In-home visitation programs for new mothers and early childhood learning cannot be slashed in the wake of the coronavirus pandemic, advocates said Wednesday.

The visits improve the overall health and mental health of parents in low-income and minority communities, advocates said.

New York, which has a task force on maternity and maternal outcomes, must maintain its voluntary maternal, infant and early childhood home visiting programs, which decrease child abuse and neglect, improves health outcomes for mom and baby, increases school readiness and saves money in reduced health care and education costs.

State and local programs such as Power of Two, Nurse Family Partnership, SafeCare, Healthy Families NY, Early Head Start and others, strengthens families with young children by meeting with families in their homes and directly providing or connecting families with health, mental health, parenting and other supports and services, depending on each family’s unique needs, according to data from the state Council on Children and Families.

“We are all really feeling the stress of the pandemic, let alone pregnant women and mothers of newborns,” Assemblywoman Pat Fahy said during a virtual press conference Wednesday. “We are all living in a very unsettling time. Home visits are about prevention and connection. Prevention works.”

There are 1,375,156 children under age 6 in the state, and 311,103, or 23%, of them live in poverty, according to National Center for Children in Poverty data.

The state expects broad 20% budget cuts to education, health care and localities in the wake of a nearly $30 billion deficit over two years because of the COVID-19 pandemic, which could place in-home visitation programs on the chopping block.

Fahy, D-Albany, introduced a bill for a public education campaign about the state’s in-home visitation programs. The programs are needed more than ever as parents face higher rates of mental health and substance abuse during the pandemic.

Fahy co-sponsored Assembly bill A3276 last year, which was signed into law last Aug. 1, establishing maternal mortality review boards and the maternal mortality and morbidity advisory council.
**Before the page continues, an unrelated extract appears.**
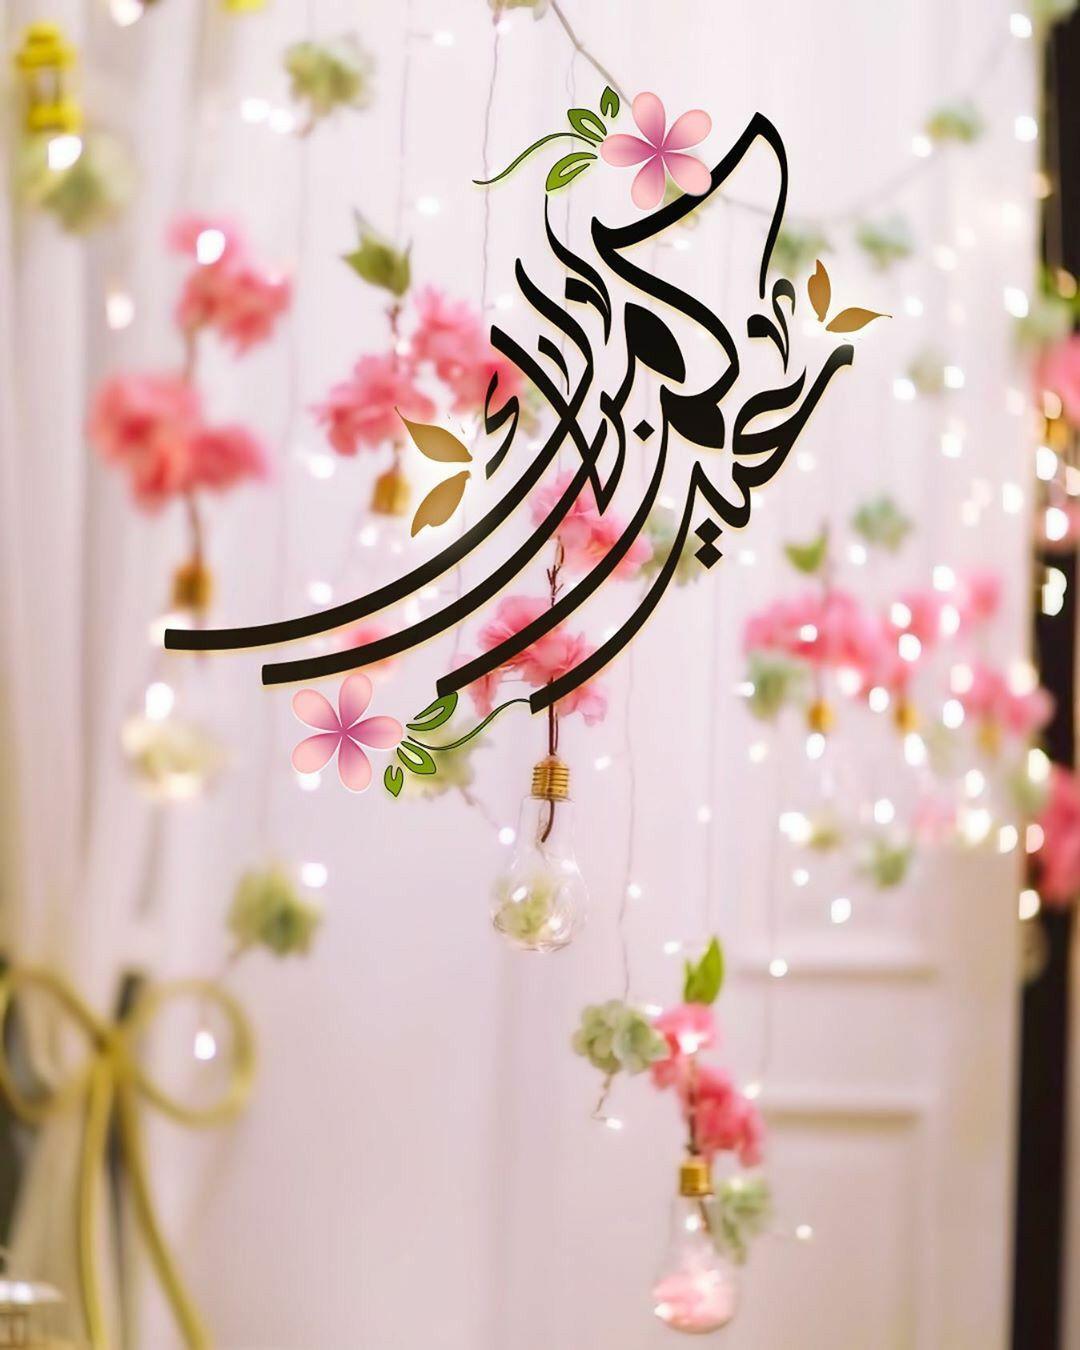 Pin By Moses Moudy On تهاني العيد الفطر المبارك لعام ١٤٤٠ Ramadan Lantern Ramadan Sweets Eid Mubarik

The state had 704,466 live births in a three-year span, and approximately 314,765 of those young children live in families with income below 200% of the federal poverty level. The funded capacity of state home visiting programs is about 17,509, or the state has the home-visiting capacity to serve 6% of babies in low-income families and 3% of all children up to age 3.

“Anxiety is contagious — I’ve never met a mom with a newborn that is not overwhelmed,” Fahy said. “These programs are an investment in our communities ... This is New York. We can absolutely do better.”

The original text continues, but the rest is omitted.